Меня это донельзя изумило. Он всегда хотел публиковаться. Пусть редактора цепляются, обдирают углы и выдирают фразы. Но все должно лечь на редакторский стол, а не покоиться в столе автора.
Работой, делами других он интересовался по-прежнему. Обо всем выспрашивал, не довольствовался отговорками.
Сейчас, когда я восстанавливаю в памяти тогдашние разговоры, у меня возникает предположение, что о чем-то он расспрашивал по инерции. Думал совсем о другом, думал об одном.
На той стадии Таниной болезни он совершил нечто даже по нынешним временам почти фантастическое. В те годы — без «почти». Таню отправили в Париж, положили в гематологическую клинику, располагавшую препаратами, которых у нас нет.
Вероятно, это несколько продлило ее жизнь. Но не спасло.
На поминках Борис выпил стакан водки, потом — еще. И ни в одном глазу. Поднялся, отрешенно произнес:
— Соседский мальчик сказал: «Тети Тани больше не будет». Вот и все.
Стихи о Таниной смерти читать невозможно — такова беззаветность и самосжигающая власть чувства.
Он отходил, отделялся от жизни, отстранял себя от нее, «переобучался одиночеству».
Потом больница. Сперва 1-я Градская — для обыкновенного населения. Потом, благодаря хлопотам К. Симонова, Кунцевская — для «начальства».
После долгих больничных месяцев Слуцкого выписали. По-моему, в том же состоянии, в каком положили.

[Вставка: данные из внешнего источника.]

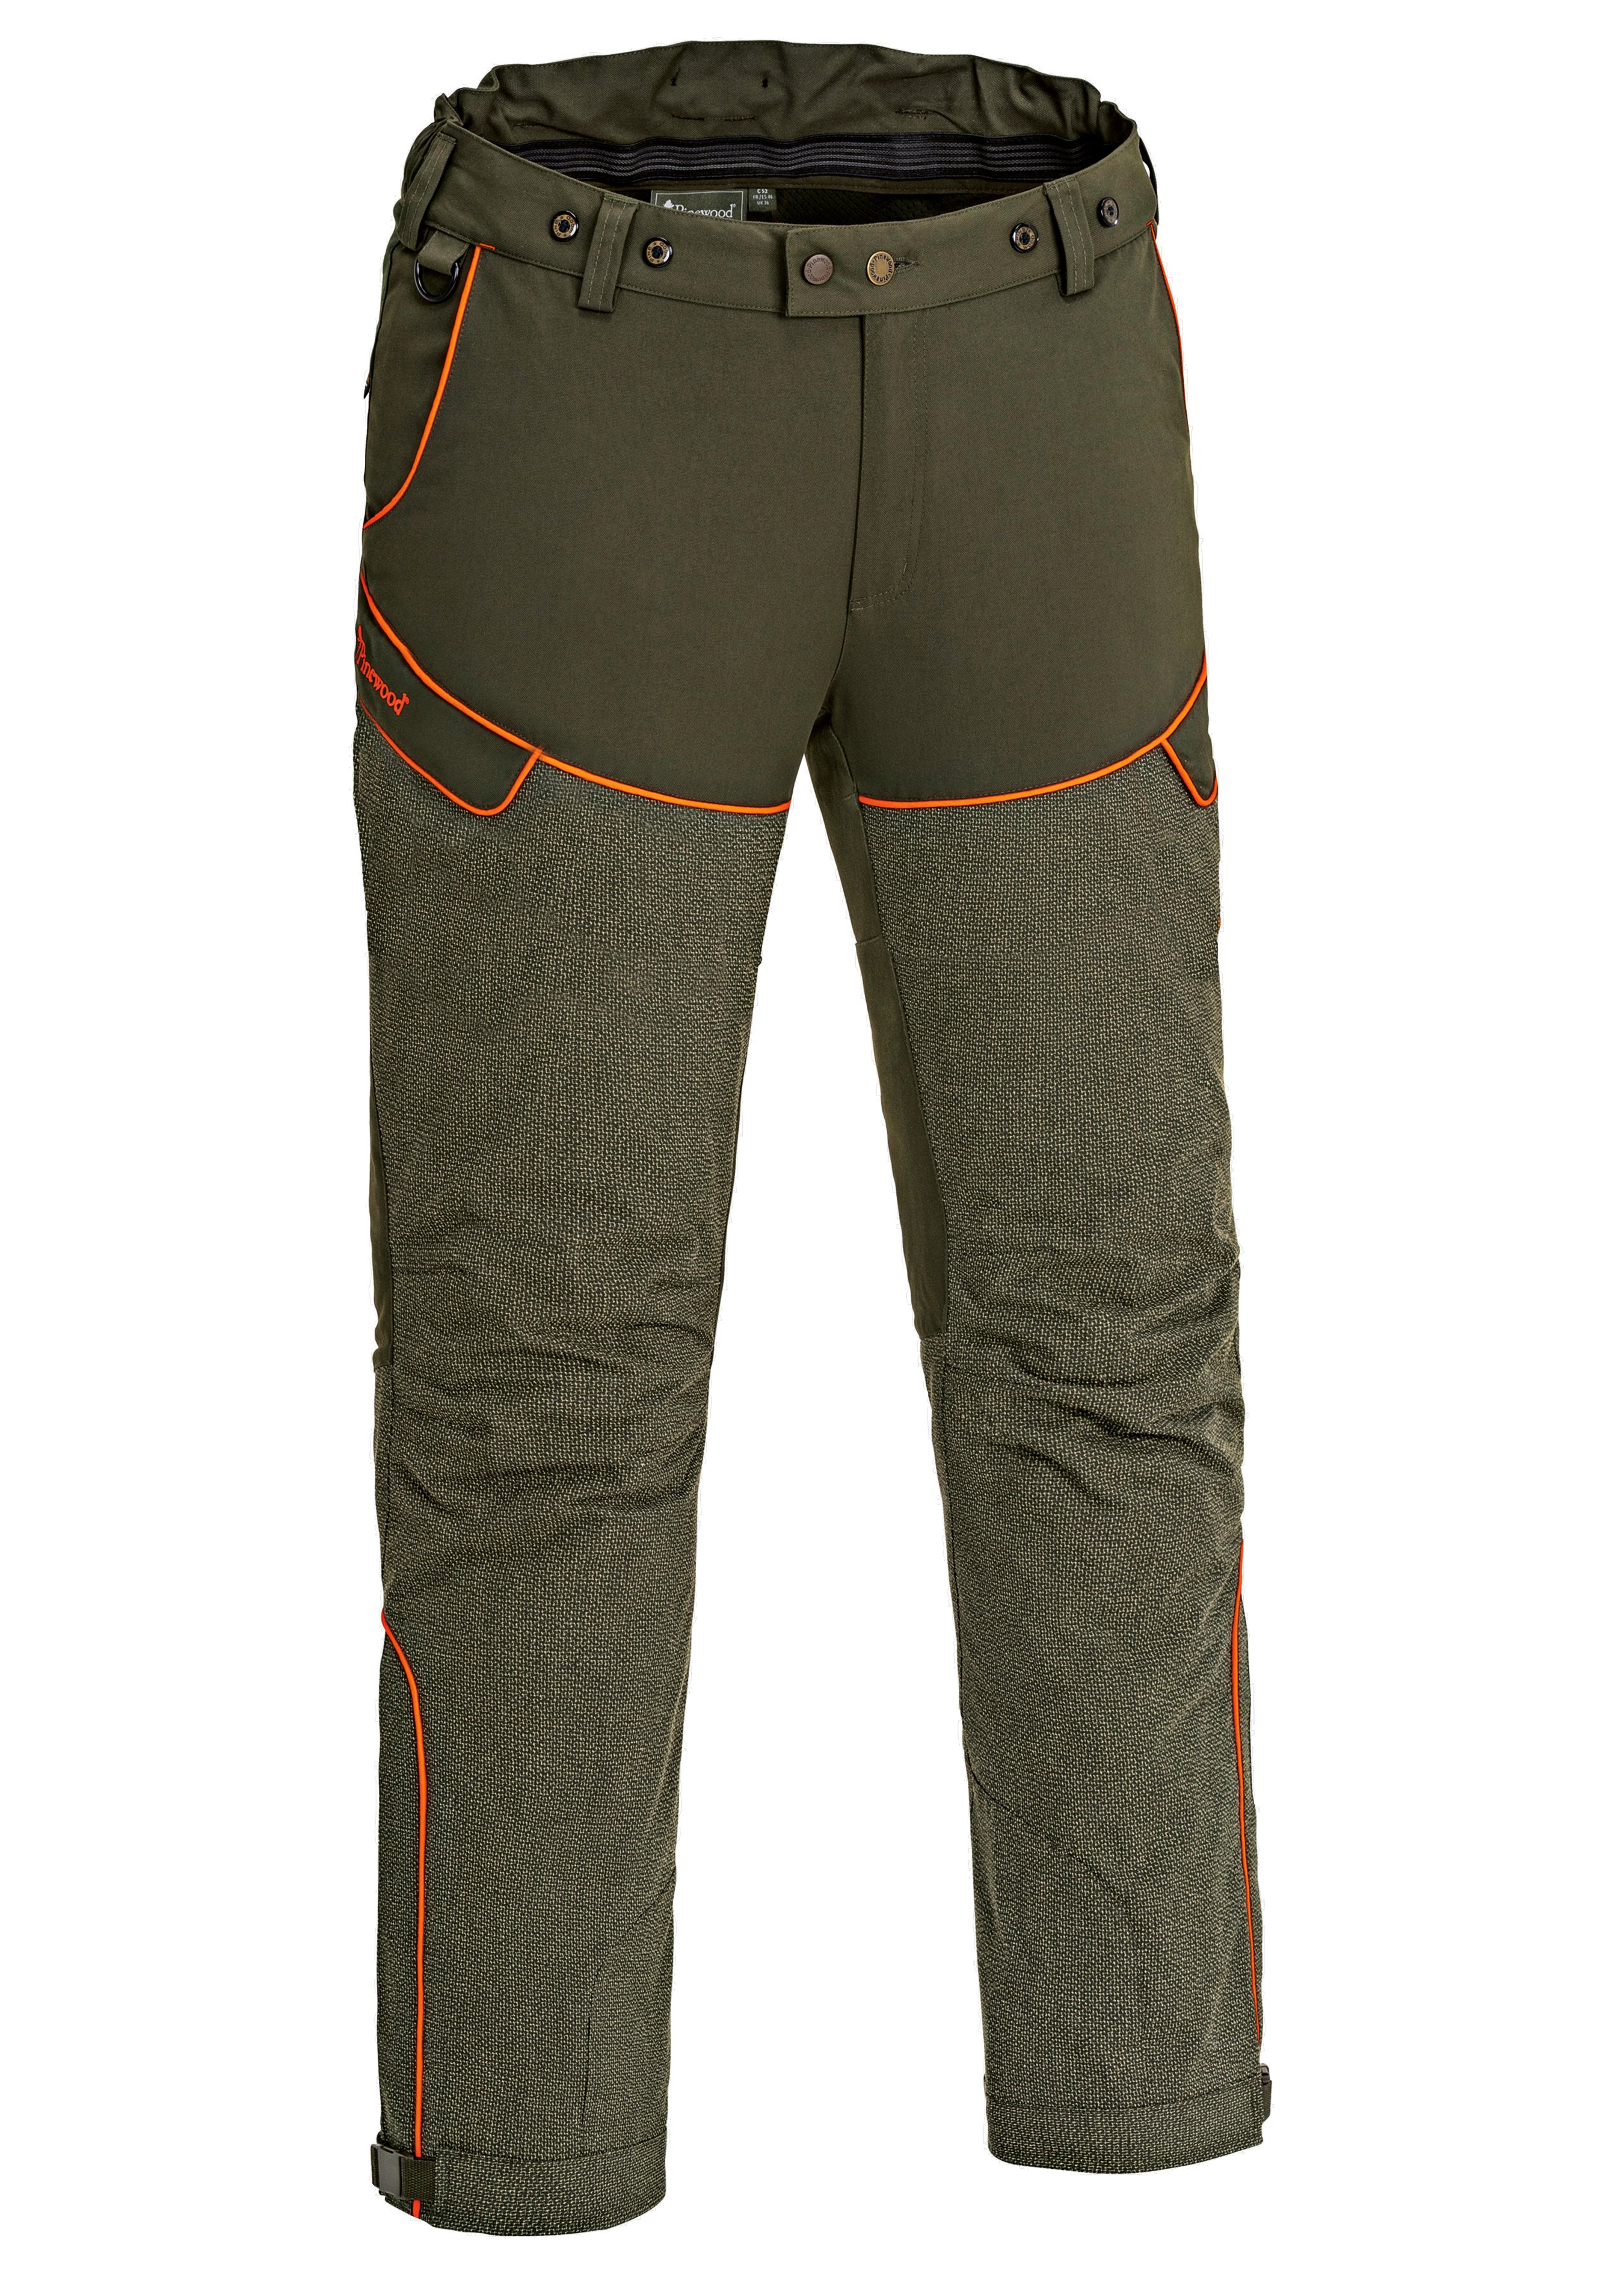 Pantalon de chasse Thorn anti-épines (5809) 28402454 1

Изредка он звонил, задавал два-три стандартных вопроса. От встречи уклонялся: «Как-нибудь потом…»
Однажды по телефону сказал: «Я уже не тот поэт, за кого меня принимают. Когда-нибудь в этом удостоверитесь…» И положил трубку.
Он перебрался в Тулу к брату — отставному полковнику-артиллеристу. Помогал по дому: ходил в булочную, выносил помойное ведро, следил, как внучатый племянник готовит уроки.
Меж тем в журналах публиковались стихи. Преимущественно из папок, что лежали в столе. Или из толстых тетрадей, исписанных за два с половиной месяца после Таниной смерти.
Когда Бориса Слуцкого не стало, поток этот усилился. Его воистину выстраданное слово набирает мощь, и дерзким пророчеством звучит давняя, ожившая строка: «Снова нас читает Россия…»
Читает Пастернака, Цветаеву, Клюева, Мандельштама, Слуцкого, запрещенные прежде поэмы Ахматовой и Твардовского.
Читает поэтов, увидевших глубины народного бедствия, бесстрашно сказавших о том и тяжко поплатившихся за свое прозрение.